Polanski's films are a compilation of assorted cinematic genres, encompassing surrealism, psychological thriller, the horror story and its parody, and the detective mystery.
He was born in Paris of Polish parents; the family moved to Kraców three years later. During World War II his parents were put in a concentration camp, where his mother died, and Polanski grew up in a series of Polish homes. He began acting professionally in theater when he was a teenager and later worked in films, including several with Polish director Andrzej Wajda. Polanski studied painting, sculpture, and graphics in Kraców and spent five years at the State Film College at Lódź, where he made Two Men and a Wardrobe. The film projects its maker's deep absorption with the tenets of surrealism and the Theater of the Absurd. About his early style, also informing The Fat and the Lean, Polanski has said: "I must confess that I was completely formed by surrealism."

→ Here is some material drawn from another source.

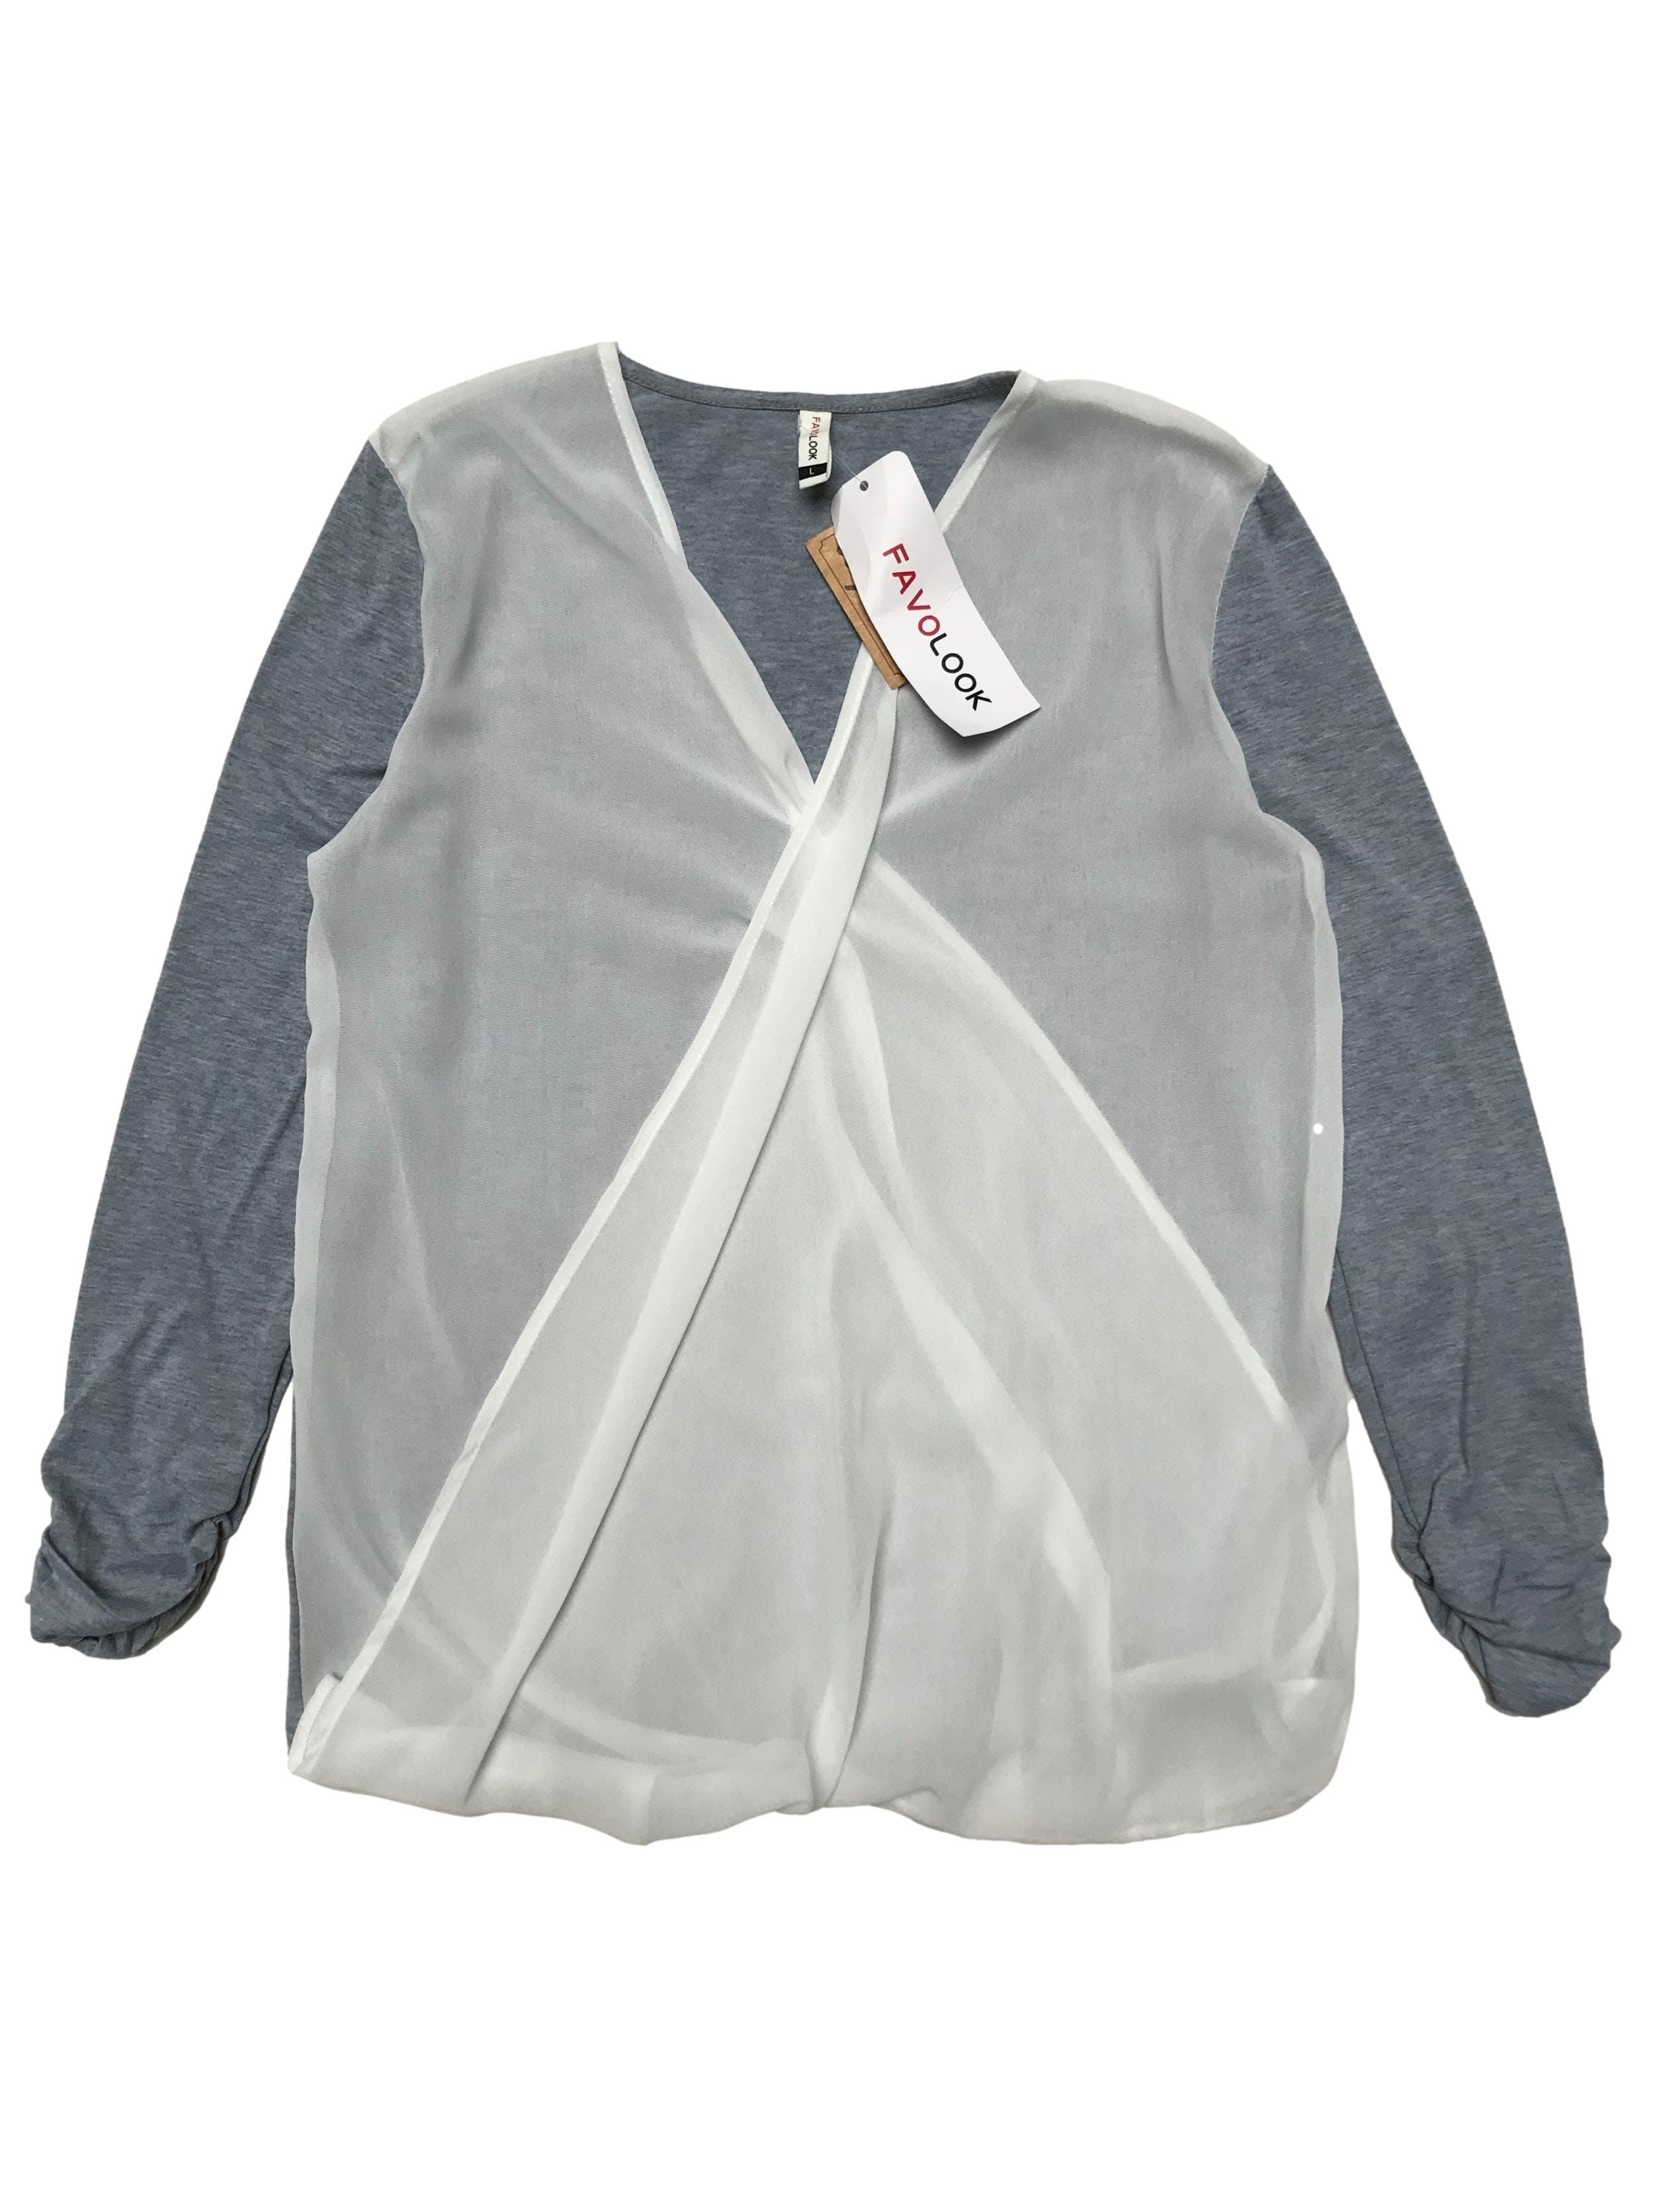 Blusa de tela tipo polo stretch con delantero de gasa cruzada, manga 7/8 con dreapeado. Busto 98cm Largo 60cm. Nuevo con etiqueta.

Polanski's first full-length feature, Knife in the Water, initiated a career-long succession of films exploring the varieties of violence and estrangement. His second feature, Repulsion, has been likened to Alfred Hitchcock's definitive shocker Psycho for its study of inner torment that bursts into outward mayhem. Cul-de-Sac somewhat refines overt carnage into a surreal depiction of human chaos, drawing upon the absurdist tradition of Samuel Beckett and Harold Pinter. Some critics see a direct relationship between the turbulent background of this director's life and the array of unusual brutalities in his films, especially emphasizing this correlation after the bizarre murder of Sharon Tate, Polanski's second wife. Throughout his career Polanski has sought to articulate the extremes of human experience, leading necessarily to displays of violence in some form, though never limiting it to the single dimension of physical grue.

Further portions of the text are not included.